Este cambio se produce paralelamente a una tendencia más amplia hacia las arquitecturas de confianza cero y las soluciones de cumplimiento automatizadas. En conjunto, estas tendencias apuntan a un ciclo de inversión fundamentalmente diferente al anterior.

Las anteriores oleadas de gasto en ciberseguridad fueron en gran medida reactivas, desencadenadas por brechas de seguridad o ciclos de renovación de hardware. El ciclo actual está siendo moldeado por cambios estructurales en la forma en que operan las organizaciones, donde la adopción de la IA y la presión regulatoria se combinan para forzar una reevaluación más sistemática de la postura de seguridad.
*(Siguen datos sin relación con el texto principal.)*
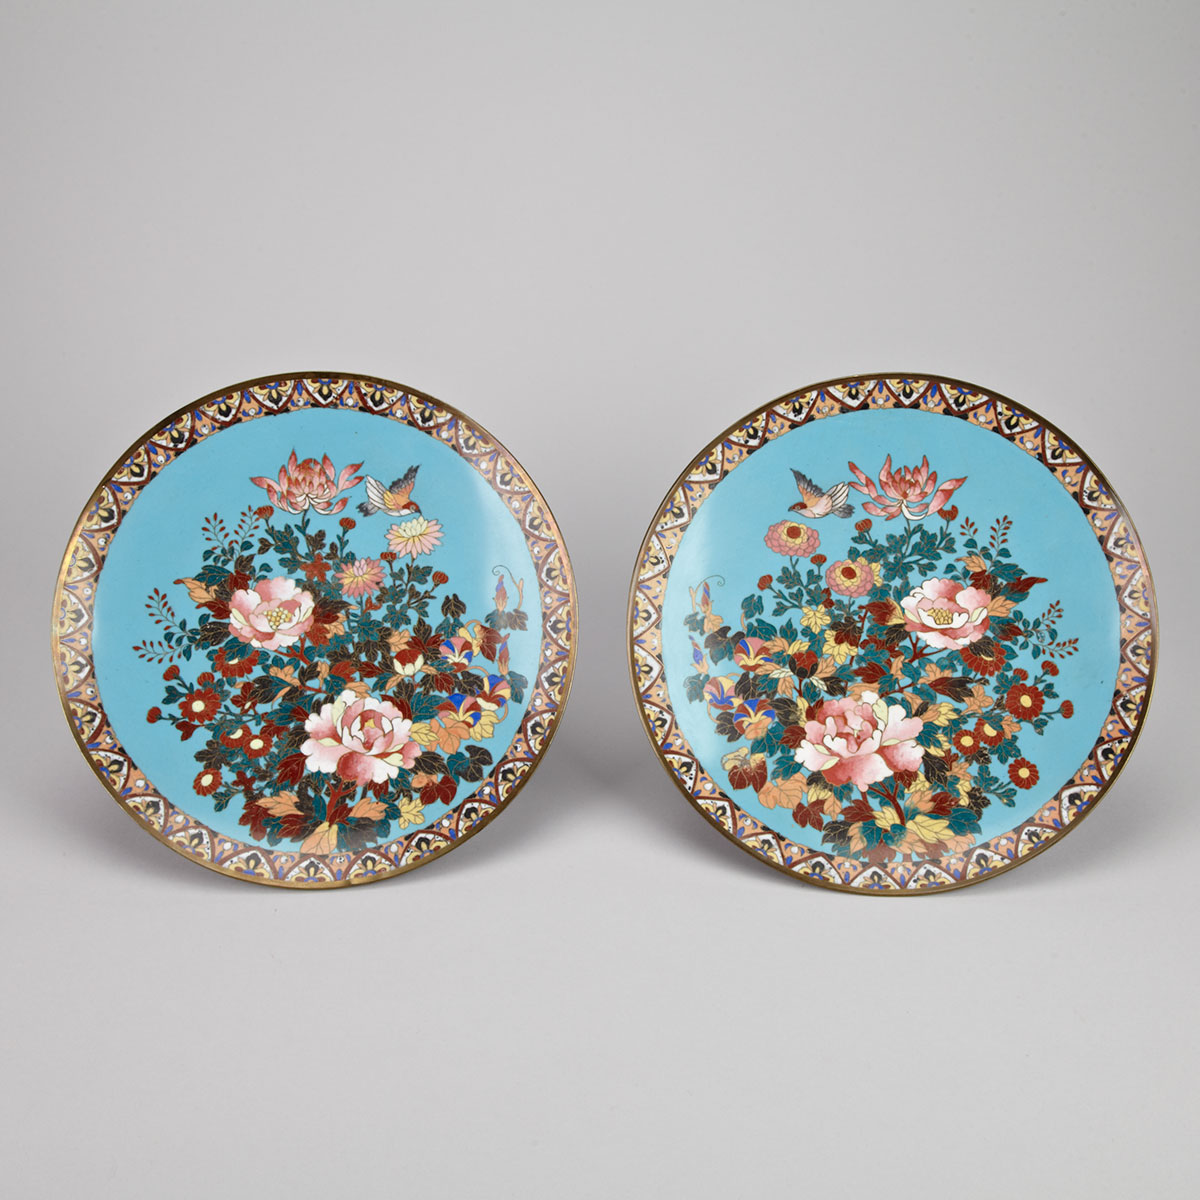 Pair of Cloisonné Enamel Fauna and Floral Plates, Early 20th Century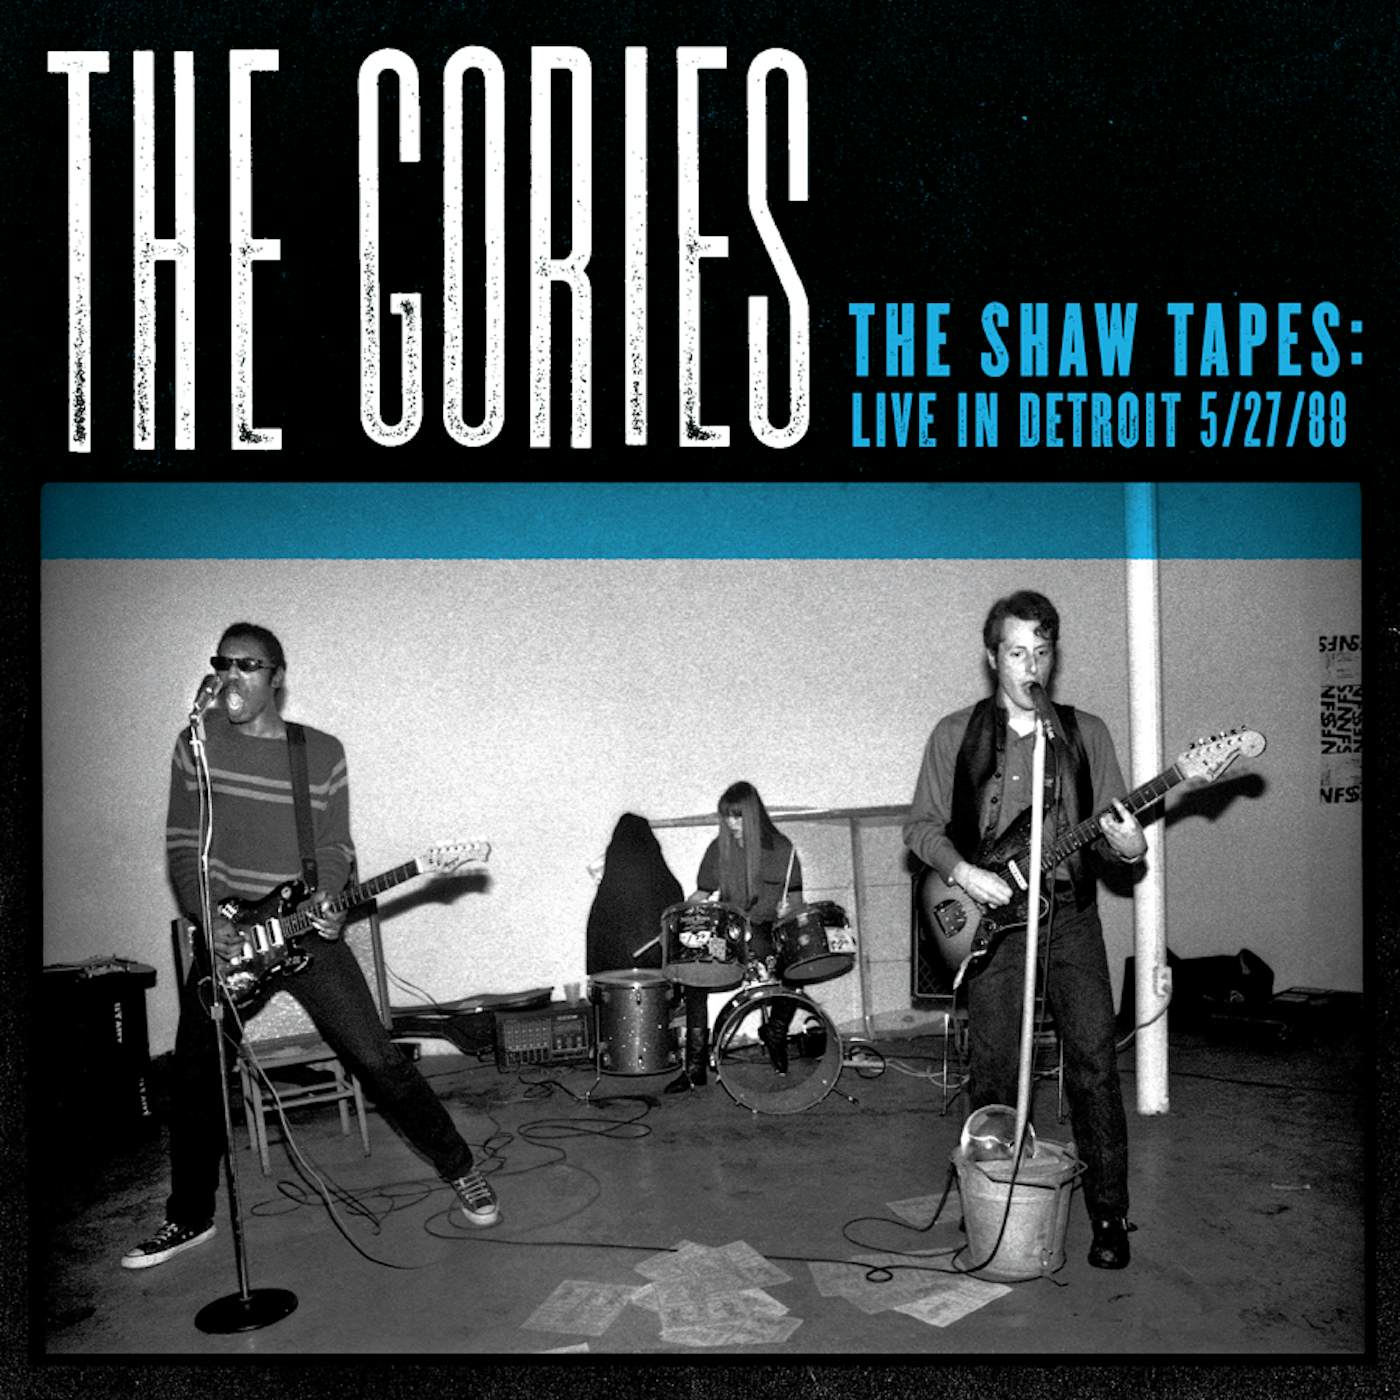 The Gories SHAW TAPES: LIVE IN DETROIT 5/27/88 Vinyl Record

En el ámbito regulatorio, la presión está a punto de intensificarse considerablemente. Se prevé que NIS2, DORA y la Ley de IA impulsen un gasto significativo en cumplimiento normativo durante la segunda mitad de 2026, a medida que las organizaciones se enfrentan a requisitos más estrictos y posibles sanciones económicas sustanciales por incumplimiento. La previsión de Context de un fuerte crecimiento del software de ciberseguridad durante el resto del año se basa en gran medida en esta dinámica.

“La naturaleza de lo que las organizaciones necesitan proteger está cambiando más rápido de lo que la mayoría de las estrategias de seguridad han podido seguir el ritmo”, afirma Joe Turner. Un agente de IA con acceso a sistemas financieros o datos de clientes representa un riesgo de seguridad, al igual que un usuario humano con privilegios. Las herramientas para gestionarlo aún están en desarrollo, pero la inversión ya está comenzando, anticipándose a los plazos regulatorios que la convertirán en una necesidad imperiosa.

El hardware de ciberseguridad continuó su descenso, con una caída del 5,7 % en el primer trimestre, a medida que las organizaciones priorizaban las arquitecturas de seguridad definidas por software. Context prevé que esta divergencia persista, y que el hardware se convierta en un segmento cada vez más especializado, concentrado en infraestructuras soberanas, resiliencia industrial y entornos específicos de cumplimiento normativo.